• Given material:
◆ ◆ ◆ ◆

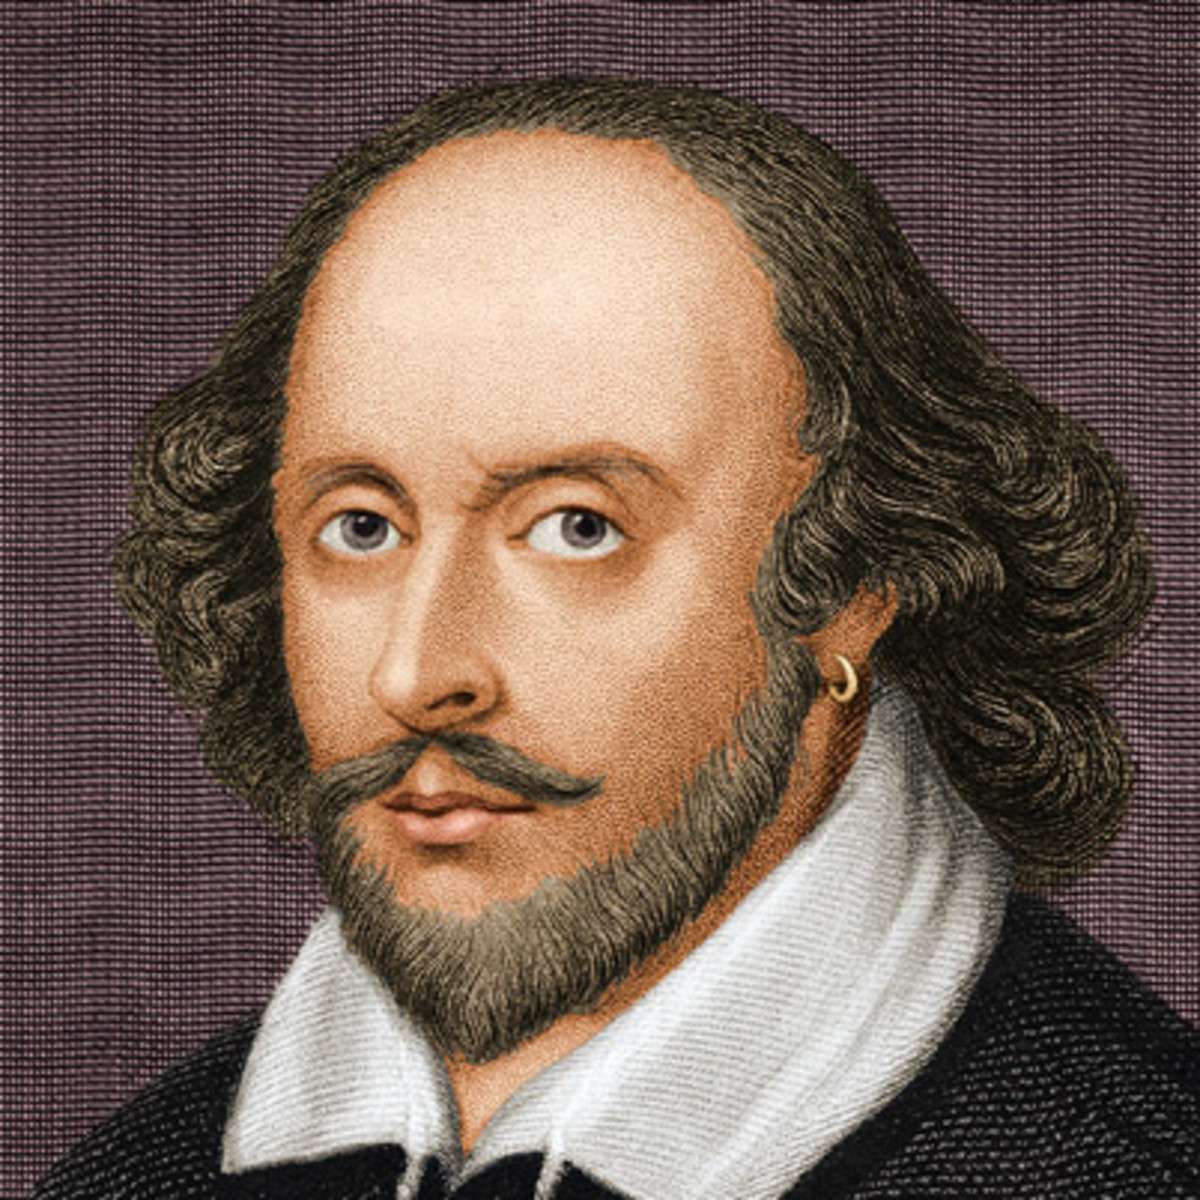 क्या शेक्सपियर भी नस्लीय भेदभाव को मानते थे?
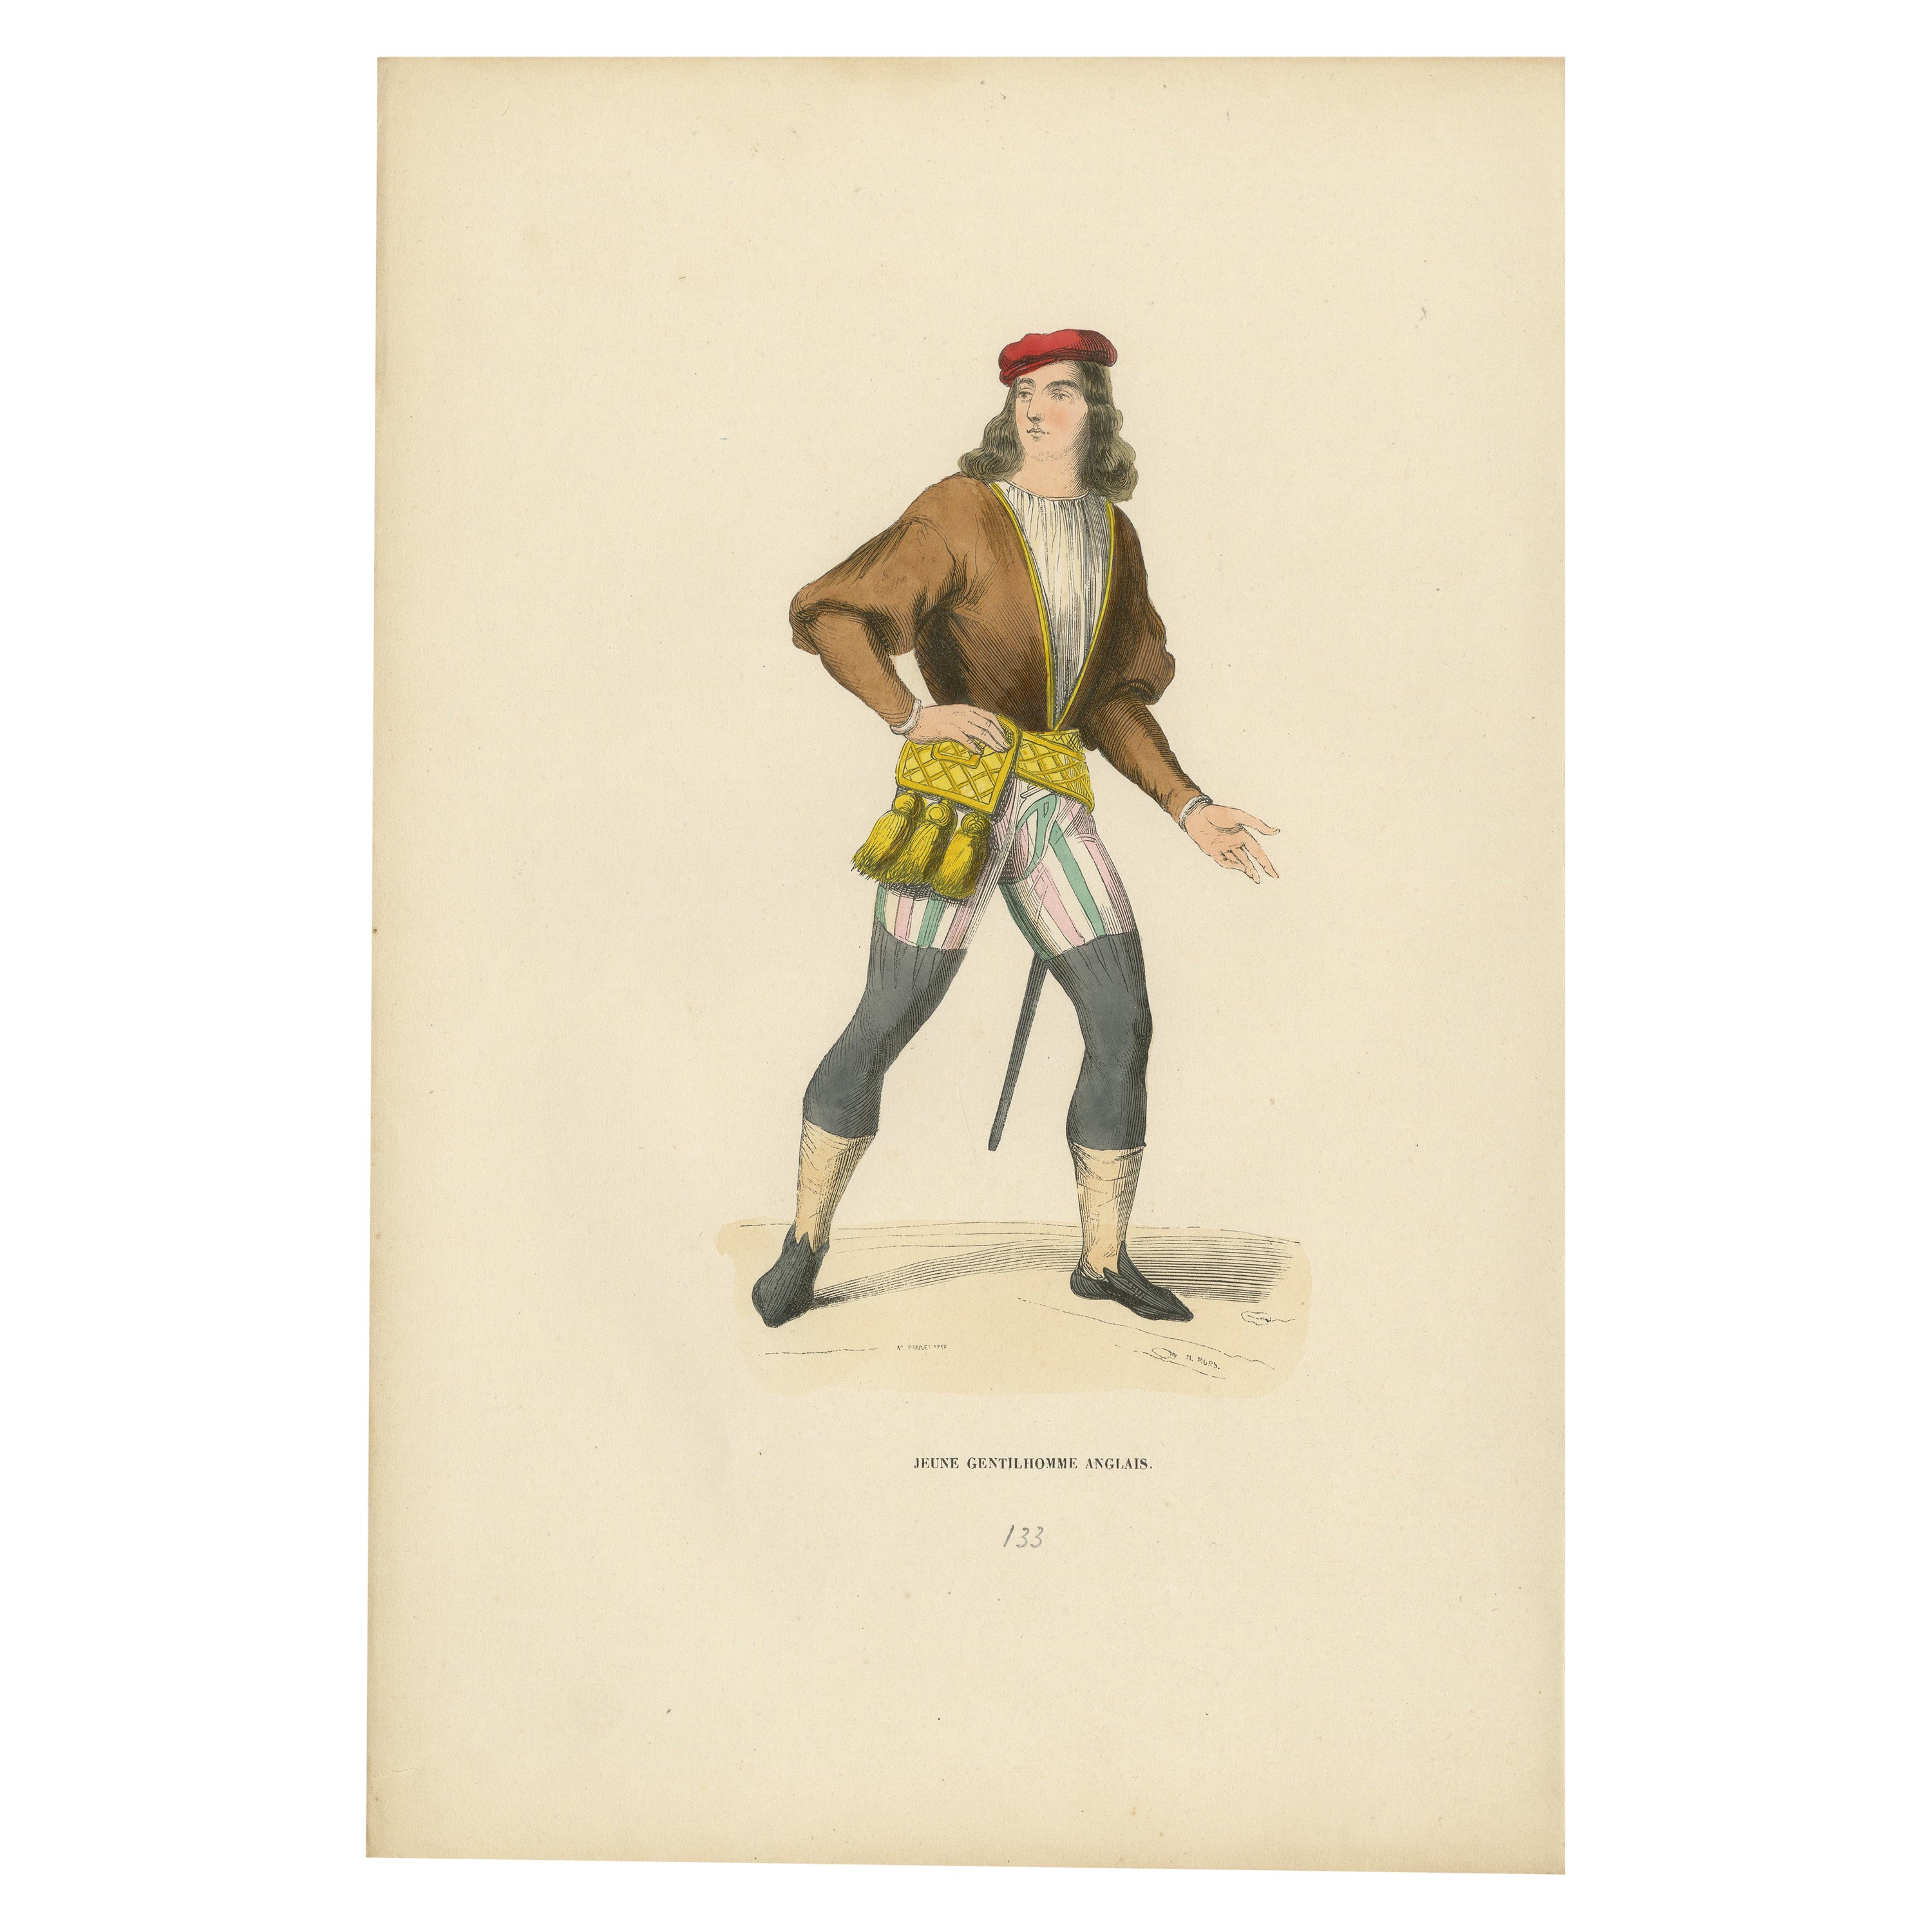 Stilvoller Swagger: Ein junger englischer Gentleman im Mittelalter, veröffentlicht 1847
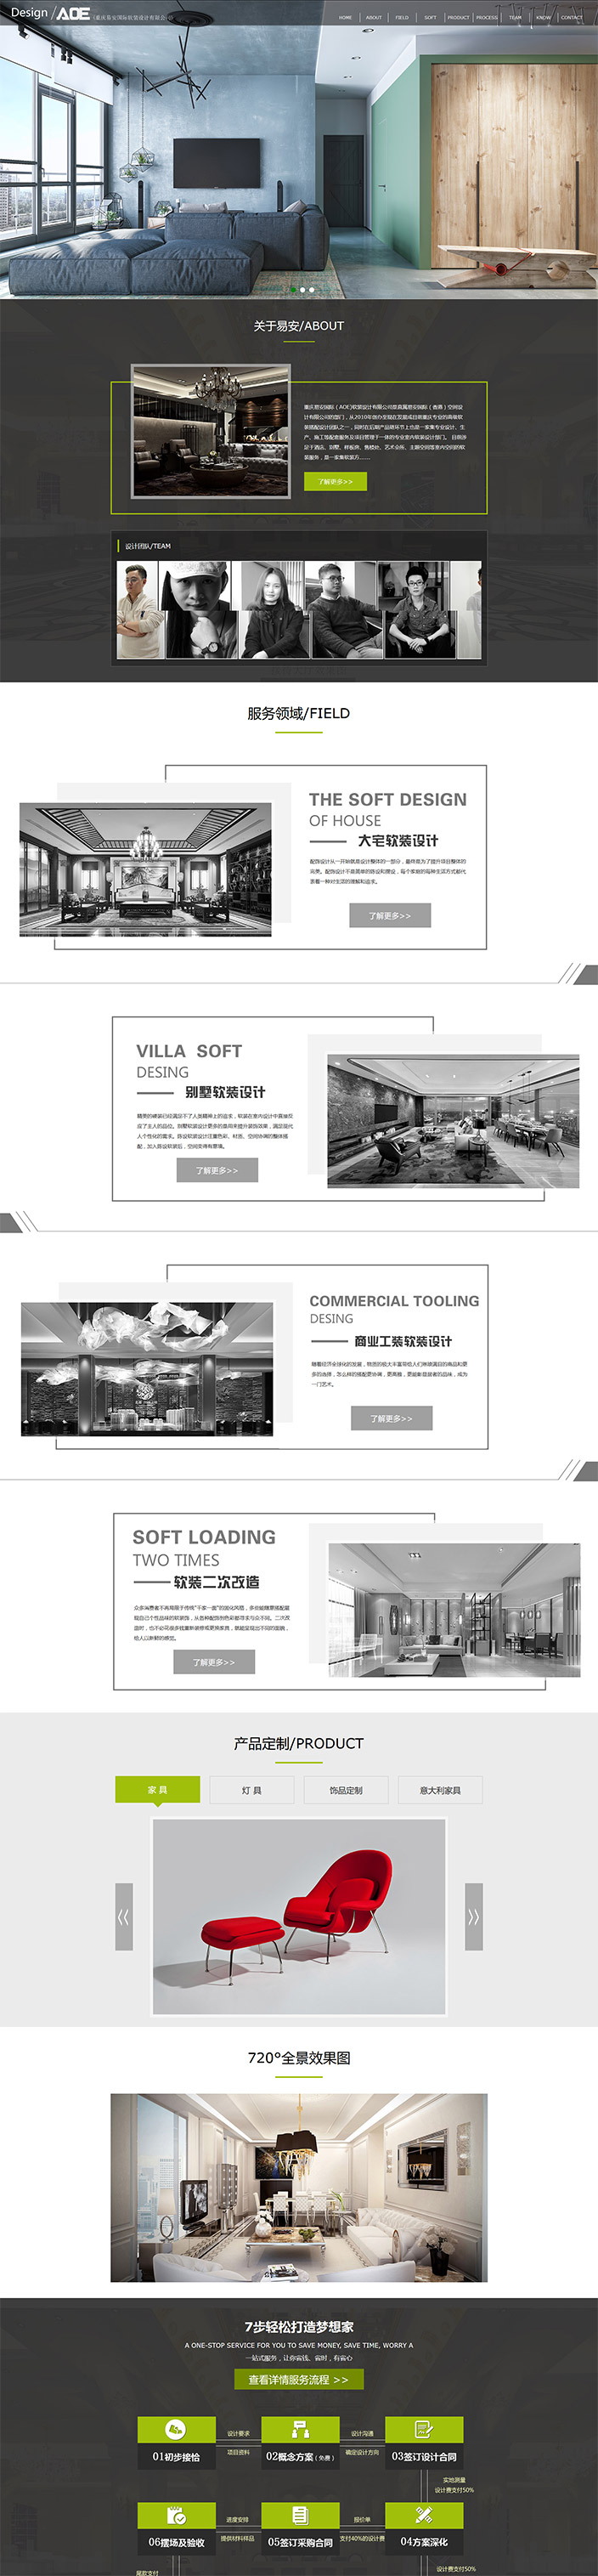 重庆易安国际软装设计有限公司网站建设案例

◆ ◆ ◆ ◆

• Work instructions: The images are to be left out; every line above should be set down exactly.

• Result:
 क्या शेक्सपियर भी नस्लीय भेदभाव को मानते थे?
 Stilvoller Swagger: Ein junger englischer Gentleman im Mittelalter, veröffentlicht 1847
 重庆易安国际软装设计有限公司网站建设案例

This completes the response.